My riding mower always started. In addition, it also took care of fertilization, tree trimming, and rosebush pruning.

SAM300.jpg


Queen's Farceur Sam, registered Belgian Stallion and family pet.
 
I spent the day working on my motorcycle, which suffers greatly from the ethanol gas gumming issues. I use Sta-bil in it and it runs fine most of the year, but after 3 months of down time in the winter, the carbs are junk and it gets torn down, cleaned and re-sync'd.
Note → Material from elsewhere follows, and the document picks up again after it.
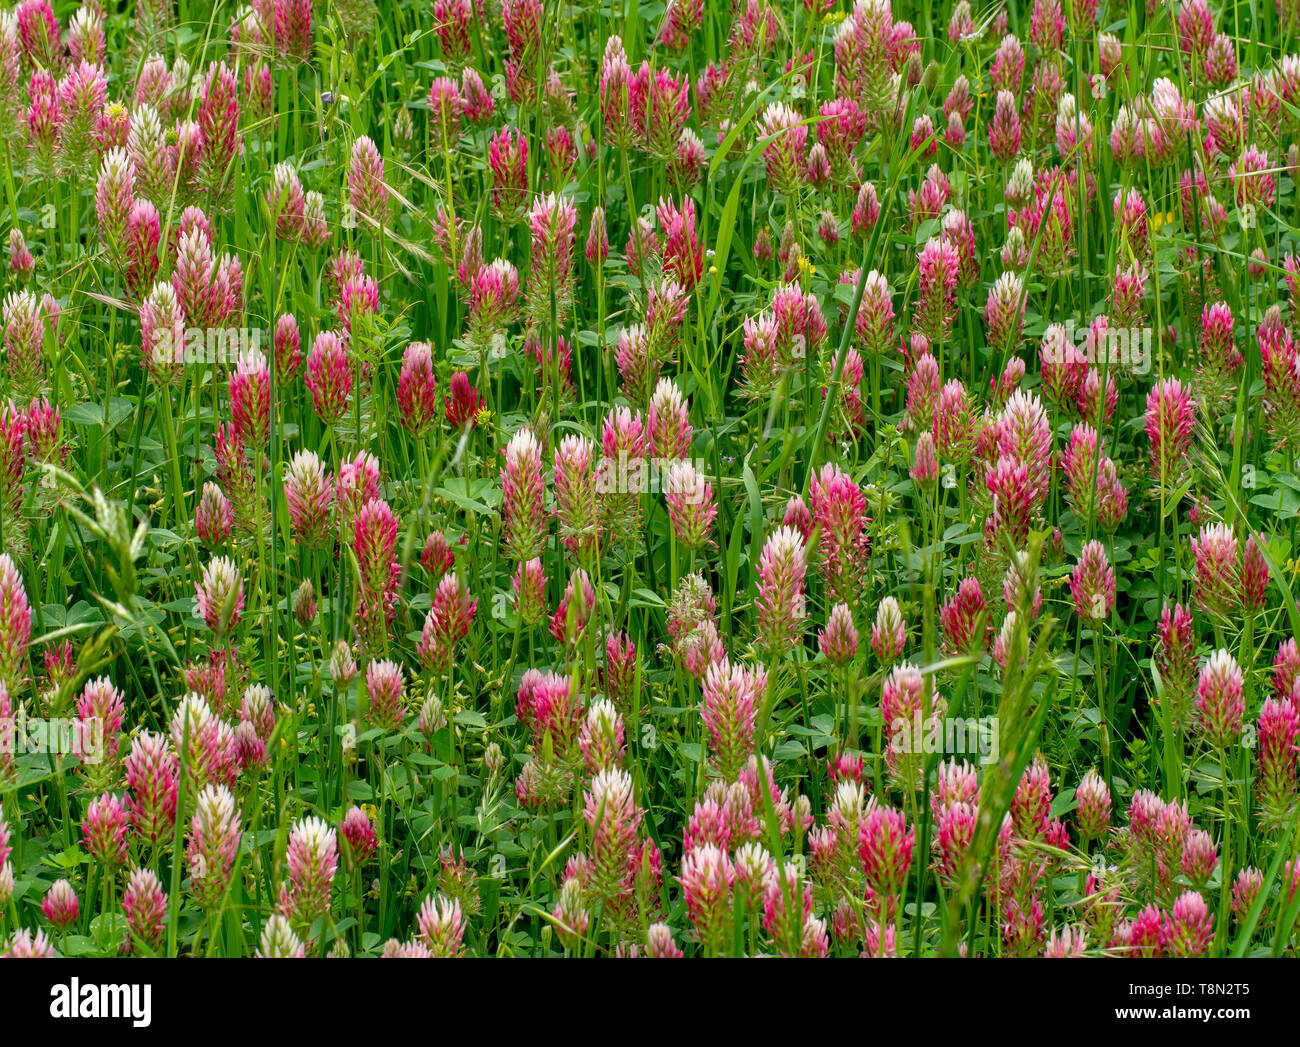 Red clover, trefoil in flower in field. Trifolium pratense, forage crop for pasturage, hay and green manure. Nitrogen fixer. Also medicinal. Stock Photo

Normally, this would happen in March, but I blew my back out and am just now becoming comfortable enough to try and ride again.

Point of the story? Its the carb. Clean it out (disassemble, not spray down the throat) and it and it will run fine again.

Sandy.
 
I spent the day working on my motorcycle, which suffers greatly from the ethanol gas gumming issues. I use Sta-bil in it and it runs fine most of the year, but after 3 months of down time in the winter, the carbs are junk and it gets torn down, cleaned and re-sync'd. Normally, this would happen in March, but I blew my back out and am just now becoming comfortable enough to try and ride again.

Point of the story? Its the carb. Clean it out (disassemble, not spray down the throat) and it and it will run fine again.

Sandy.

Would this work? Does it get added right in thefuel tank? Buy Gumout Complete Fuel System Cleaner (6 oz.) 800001365 at Advance Auto Parts
 
Hmmm, here for an average (1/4 to 1/3 acre in this development) lawn to "hire it out" runs $35/$45 a pop. This year so far we have been mowing every 5 to 6 days starting in mid-March - that's about 25 mowings so far $875 to $1000 and we'll have at least another 20 befor the end of the year. Riding mower pays for itself in one to two seasons...even including having it serviced every year for a couple of hundred bucks.
Hire it out.
 
Hmmmm, I guess I'm just lucky. I have had lawn tractor/riding mowers since 1969 (including now) except for 7 years where I didn't have a real lawn - stored them every winter just taking the battery inside and never had a problem with them starting in the spring. I always had them serviced once a year but they always started just fine. They were mostly Wheel Horse but my current one is Troy Built.



image-2116490350.jpg

Nothing cuts as nice as a good Wheel Horse ... or 2

Sent from my iPhone using Forum Runner
 

I doubt it. I imagine there is a port clogged somewhere and the cleaner has to get to it and flow through it to clean things out. It might make something run better if it is running a little rough, but if it is clogged, the best way is to disassemble it and blow out all of the passages, in my opinion. There are soak kits you can buy, but for most lawnmower carburators, an air compressor and a can of spray carb cleaner would probably work. Be sure to look for (and find) all of the o-rings before hitting it with compressed air.

Sandy.
 
I always had Wheel Horse (I Work Horse) from 1970 to 1000 when I moved to where I had no lawn. The last was a Toro Wheel Horse 20 Hp with a 52 inch mower. They were great machines and I got a lot of years use out of all of them. Used each one I had for about 8-9 years and usually traded to get a little more horse power. They held their value real well.
Hmmmm, I guess I'm just lucky. I have had lawn tractor/riding mowers since 1969 (including now) except for 7 years where I didn't have a real lawn - stored them every winter just taking the battery inside and never had a problem with them starting in the spring. I always had them serviced once a year but they always started just fine. They were mostly Wheel Horse but my current one is Troy Built.



View attachment 98431

Nothing cuts as nice as a good Wheel Horse ... or 2

Sent from my iPhone using Forum Runner
 
Carb cleaner in the carb,injector cleaner in the gas, good to go! the aluminium carb is very porous and varnishes over very easily.